→ TASK INSTRUCTIONS
A verbatim transcript of the data that follows, free of images, is the expected result.

(Saved data entries)
"""

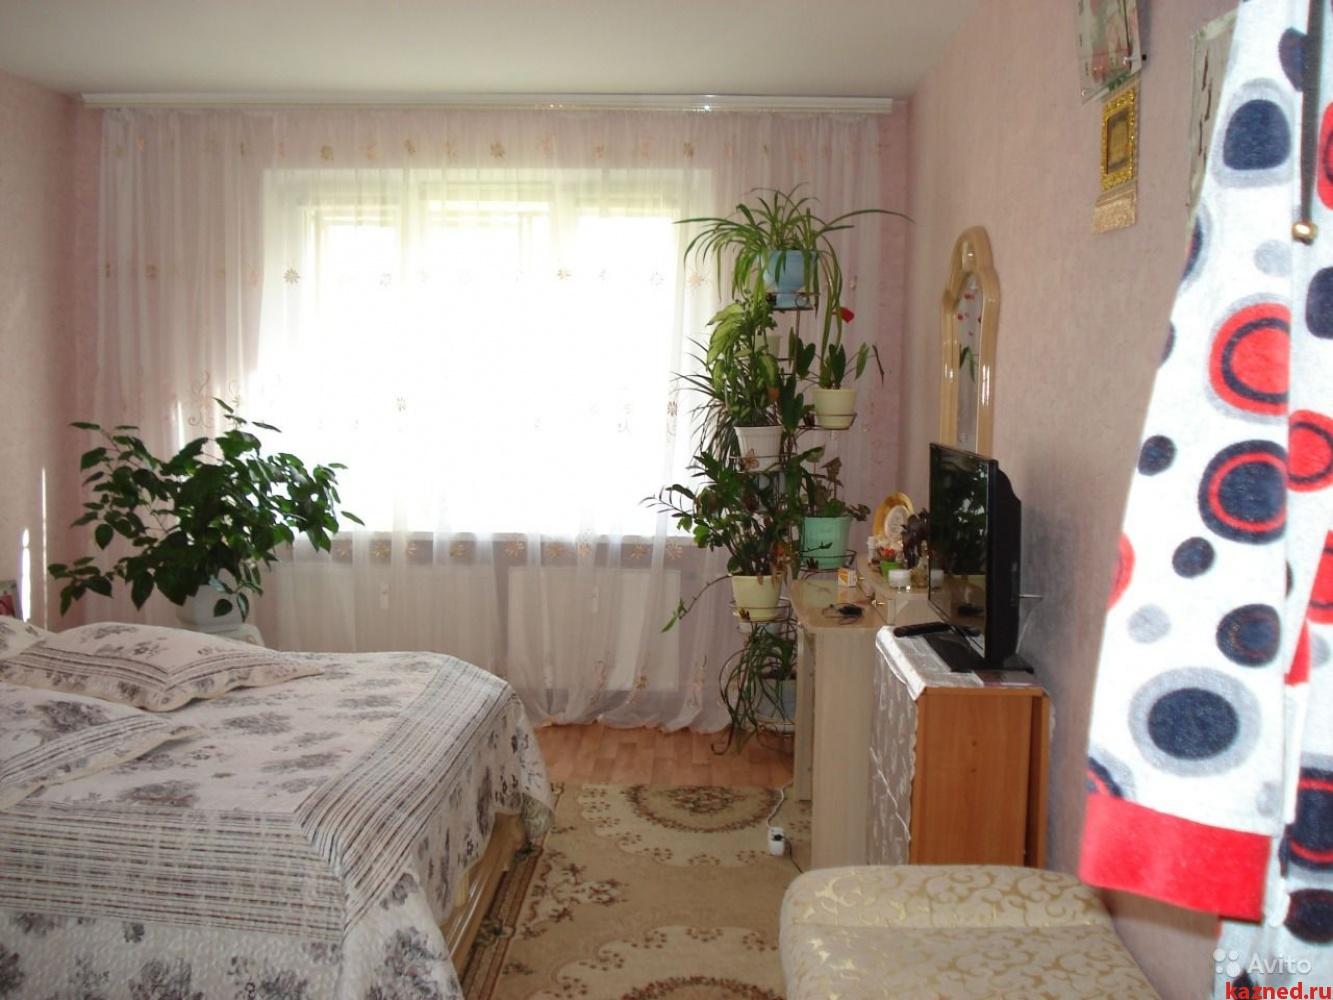 Продажа 3-к квартиры Гайсина, 3, 77 м2  (миниатюра №1)
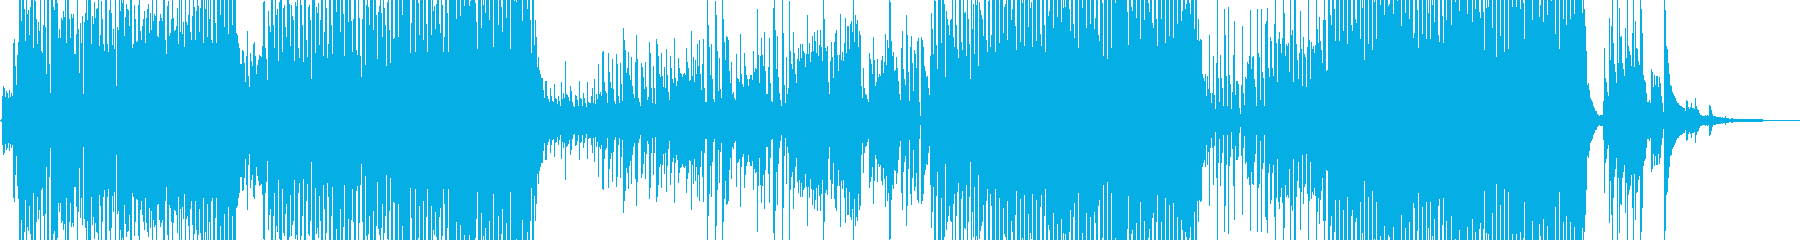 三味線と龍笛の賑やかな宴テクノの再生済みの波形
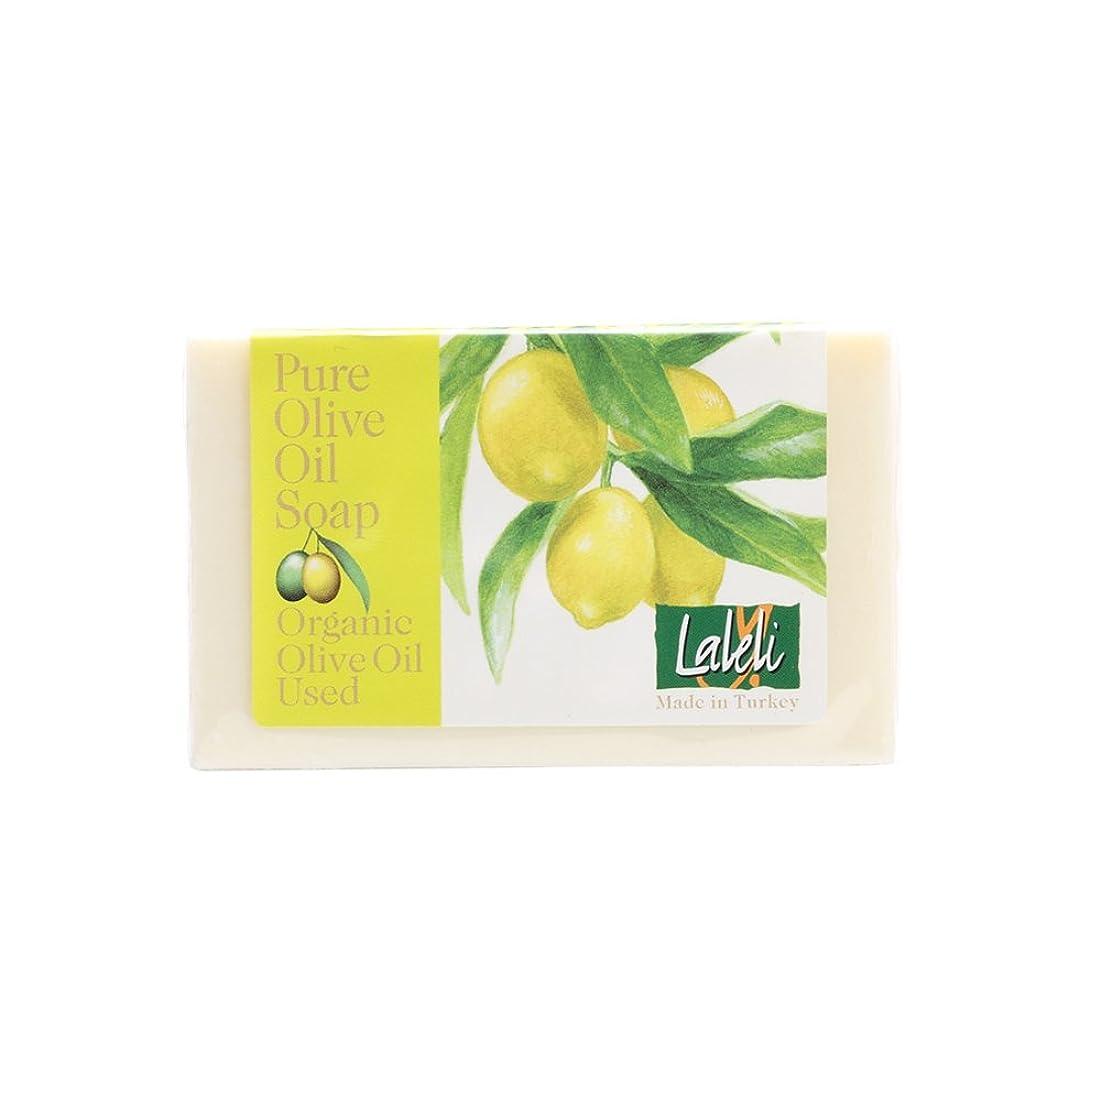 電話結び目機関ラーレリ オーガニックオリーブオイルソープ レモン 120g
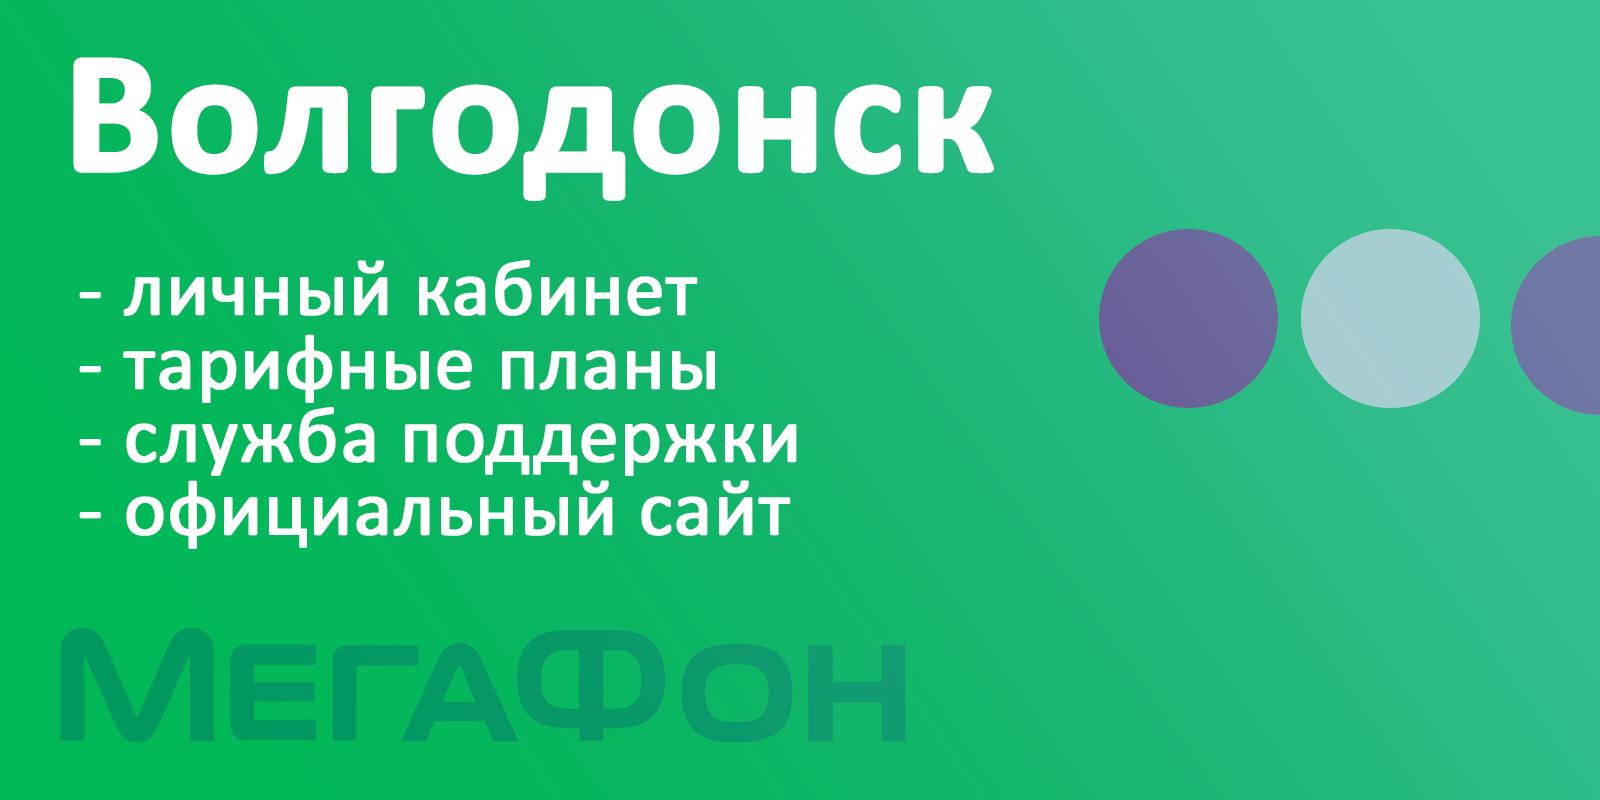 Мегафон Волгодонск - официальный сайт, адреса, каталог товаров
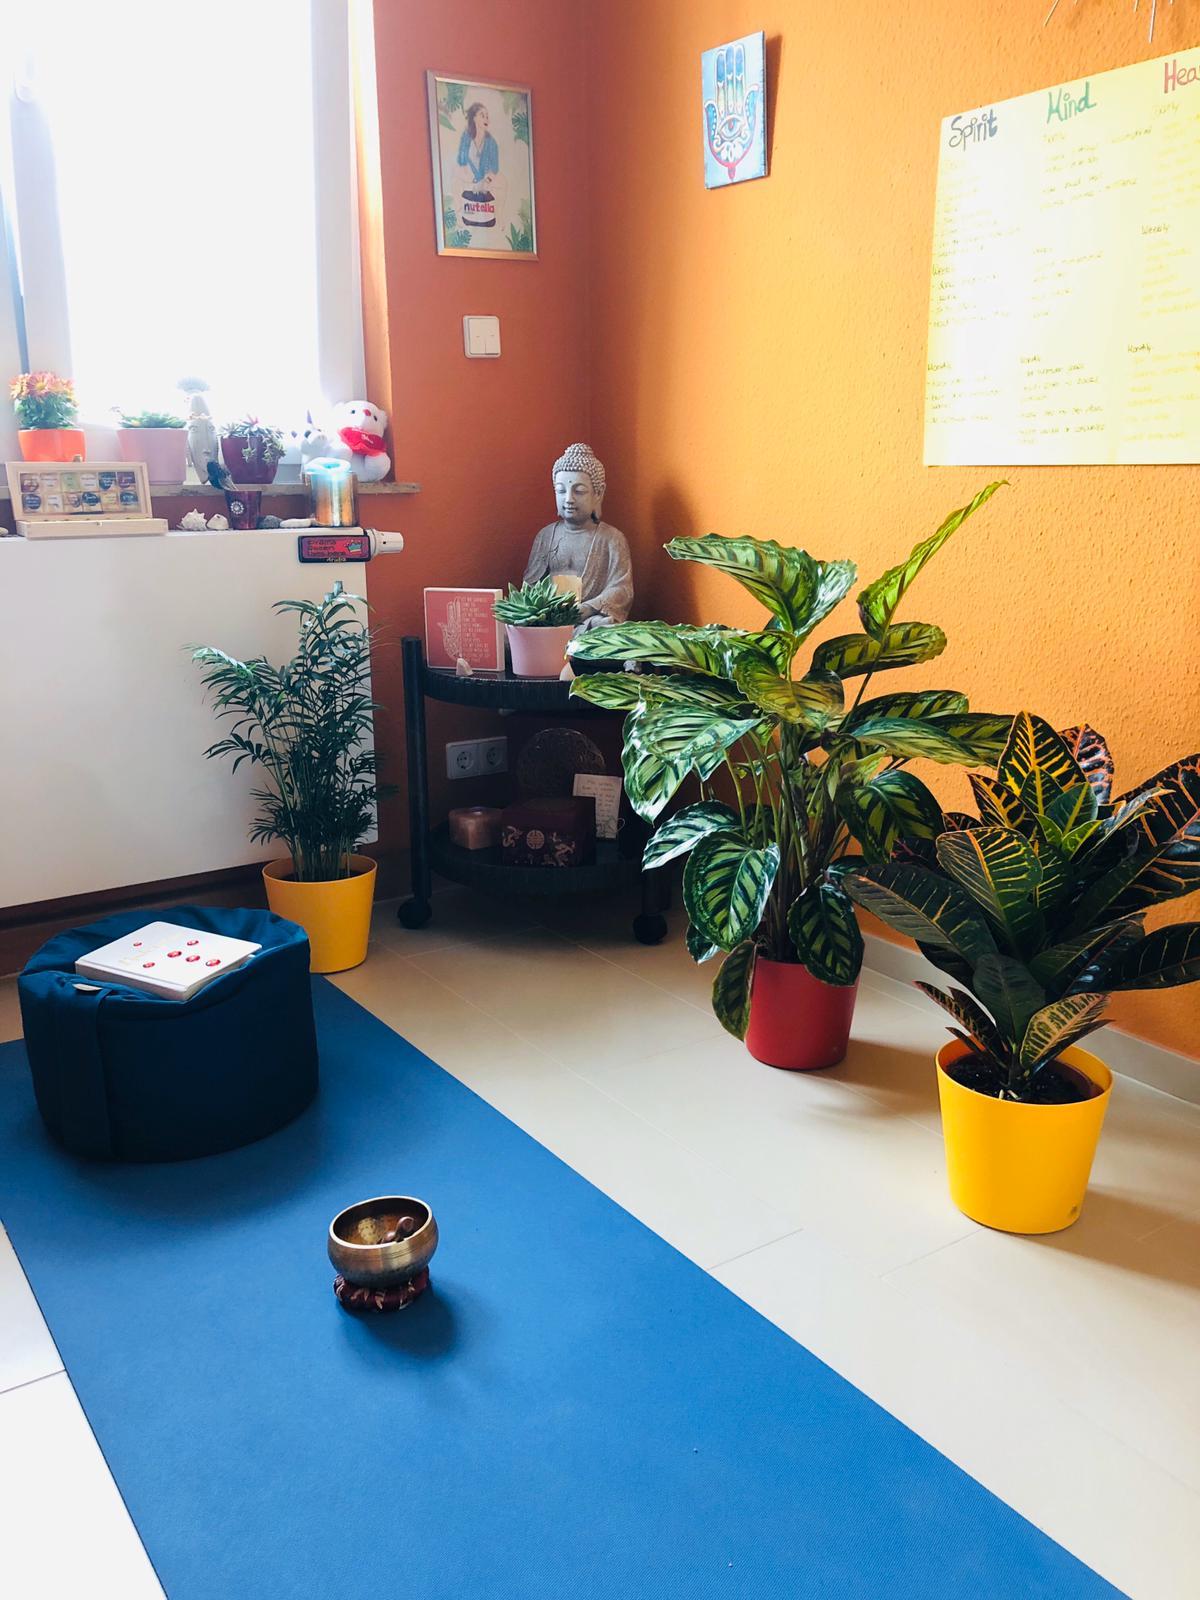 Yoga Meditation Room - auf desmondo.de findest du viee weitere Wohnideen

"""

→ RESPONSE TO THE EXERCISE
 Продажа 3-к квартиры Гайсина, 3, 77 м2  (миниатюра №1)
 三味線と龍笛の賑やかな宴テクノの再生済みの波形
 電話結び目機関ラーレリ オーガニックオリーブオイルソープ レモン 120g
 Мегафон Волгодонск - официальный сайт, адреса, каталог товаров
 Yoga Meditation Room - auf desmondo.de findest du viee weitere Wohnideen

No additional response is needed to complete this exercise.